PRUCOL is a benefit eligibility category which is interpreted differently from program to program. It generally means that the immigration authorities are aware of a person’s presence and have no plans to remove them from the country. The prior SSI regulations included a list of statuses considered PRUCOL, along with a “catch-all” category of persons whom the immigration agencies don’t intend to remove from the country. The CAPI program has adopted this same “catch-all” category.

Lawful permanent residents who entered the U.S. on or after 8/22/96 through a sponsor who signed an affidavit of support may be subject to deeming of their sponsor’s income and resources for a period of 10 years from the date they were granted lawful permanent residence status. It should be noted that some people who may have previously been denied CAPI benefits because of the deeming requirement may now be eligible if the ten-year deeming period has since expired.
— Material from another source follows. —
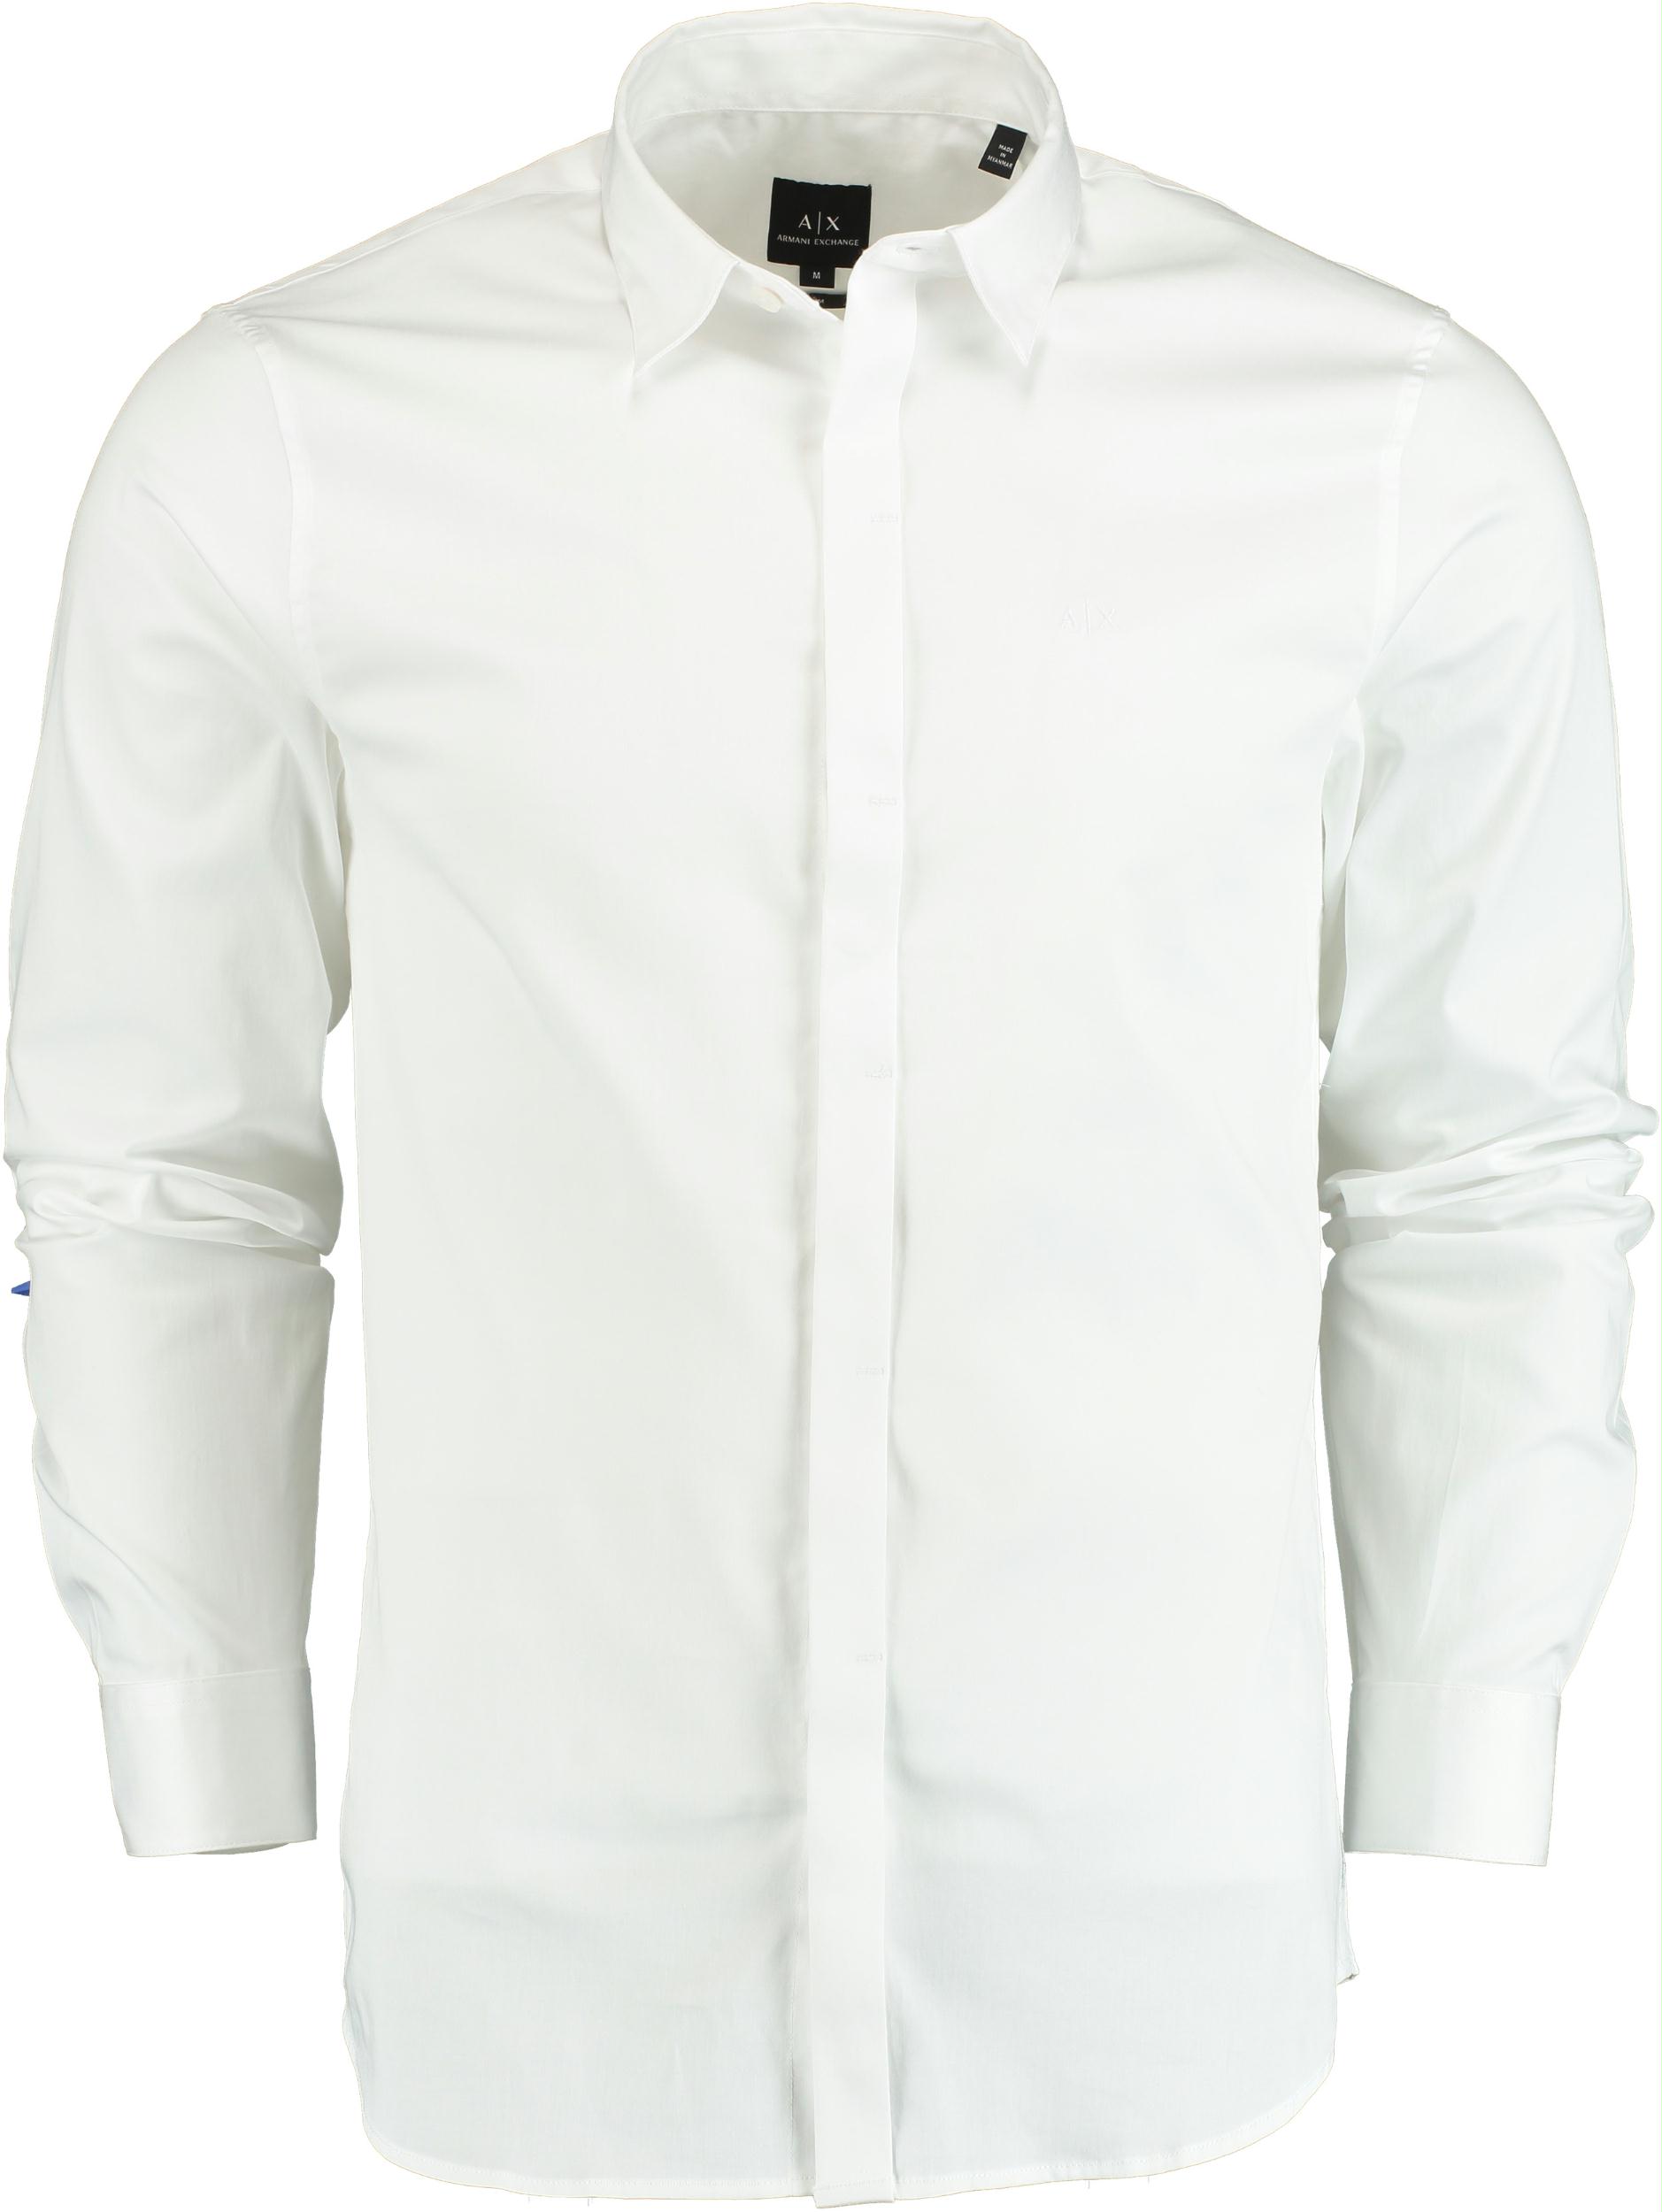 Afbeelding van Armani Exchange Casual hemd lange mouw overhemd stretch slim fit 8nzcbd.zn10z/0113
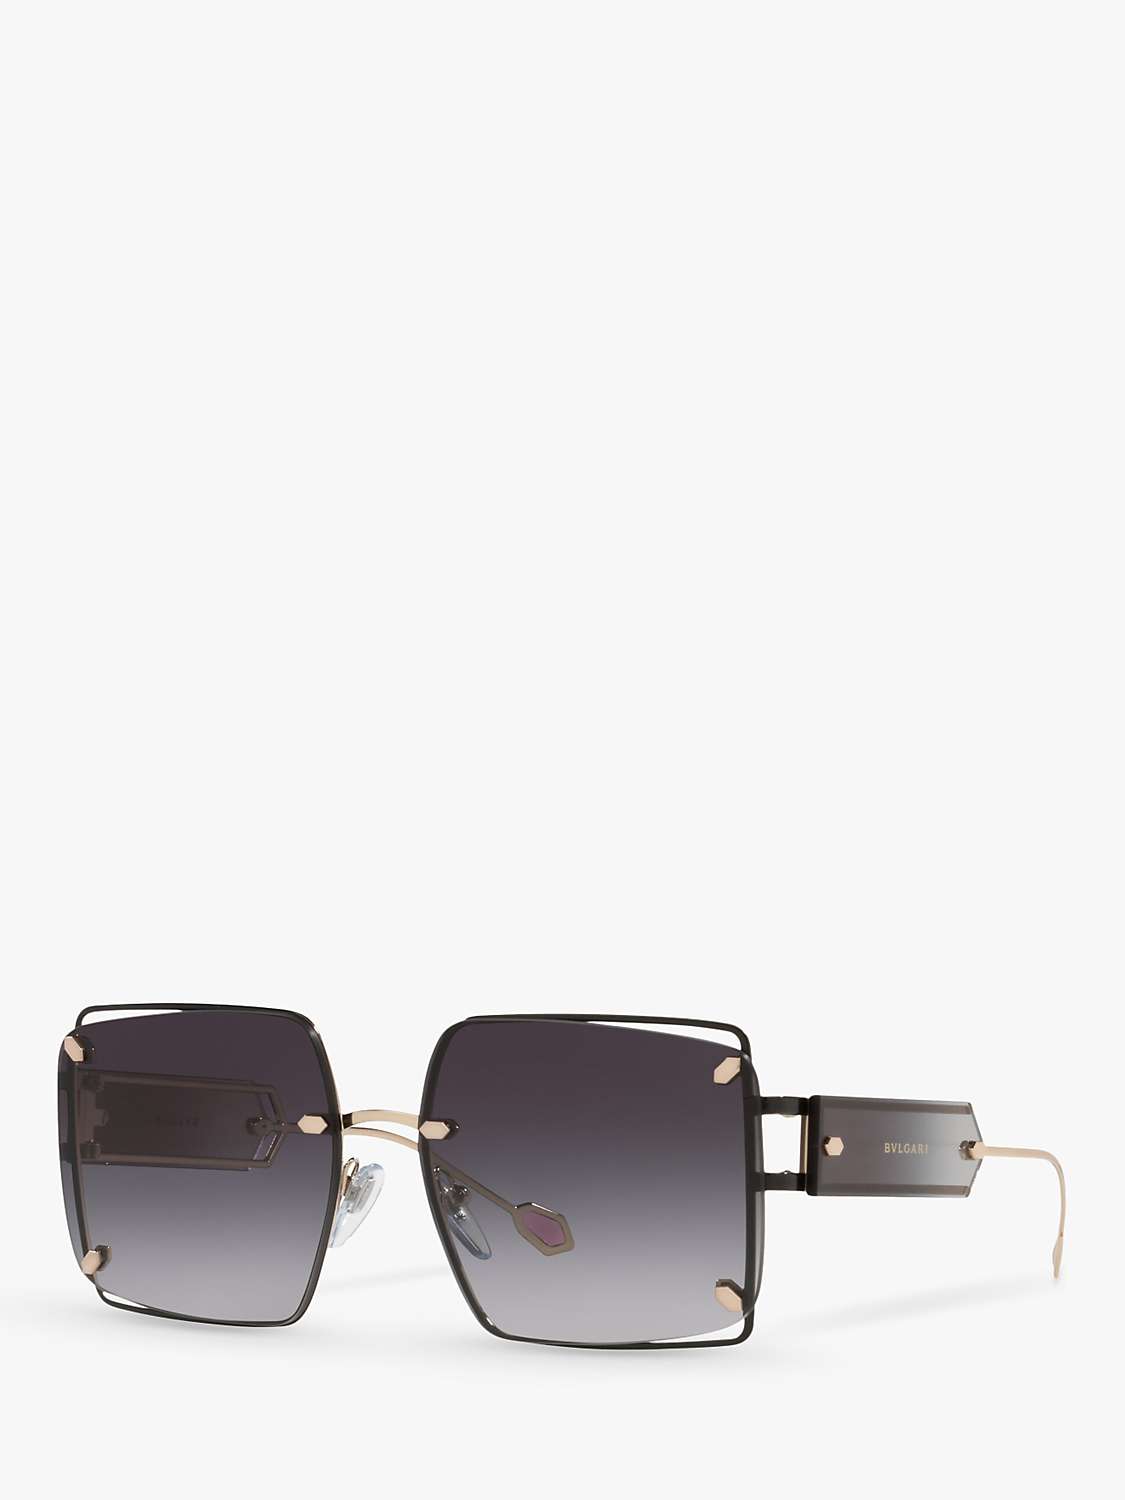 Buy BVLGARI BV6171 Women's Squared Sunglasses, Black/Pink Gold Online at johnlewis.com

Generally, deeming of the sponsor’s income makes an individual financially ineligible for benefits. However, there are exceptions to the deeming requirement for (1) victims of abuse, which includes the non-citizen, non-citizen’s minor child, or non-citizen’s parent; and (2) someone who would go “hungry or homeless” without assistance. Someone is considered likely to go “hungry or homeless” without assistance if their total income is less than the SSI Federal Benefit Rate (FBR).

Finally, as mentioned in the SSI section, there is a group of humanitarian immigrants with a seven-year time limit on SSI eligibility. Upon expiration of the seven-year period, these individuals are eligible for CAPI.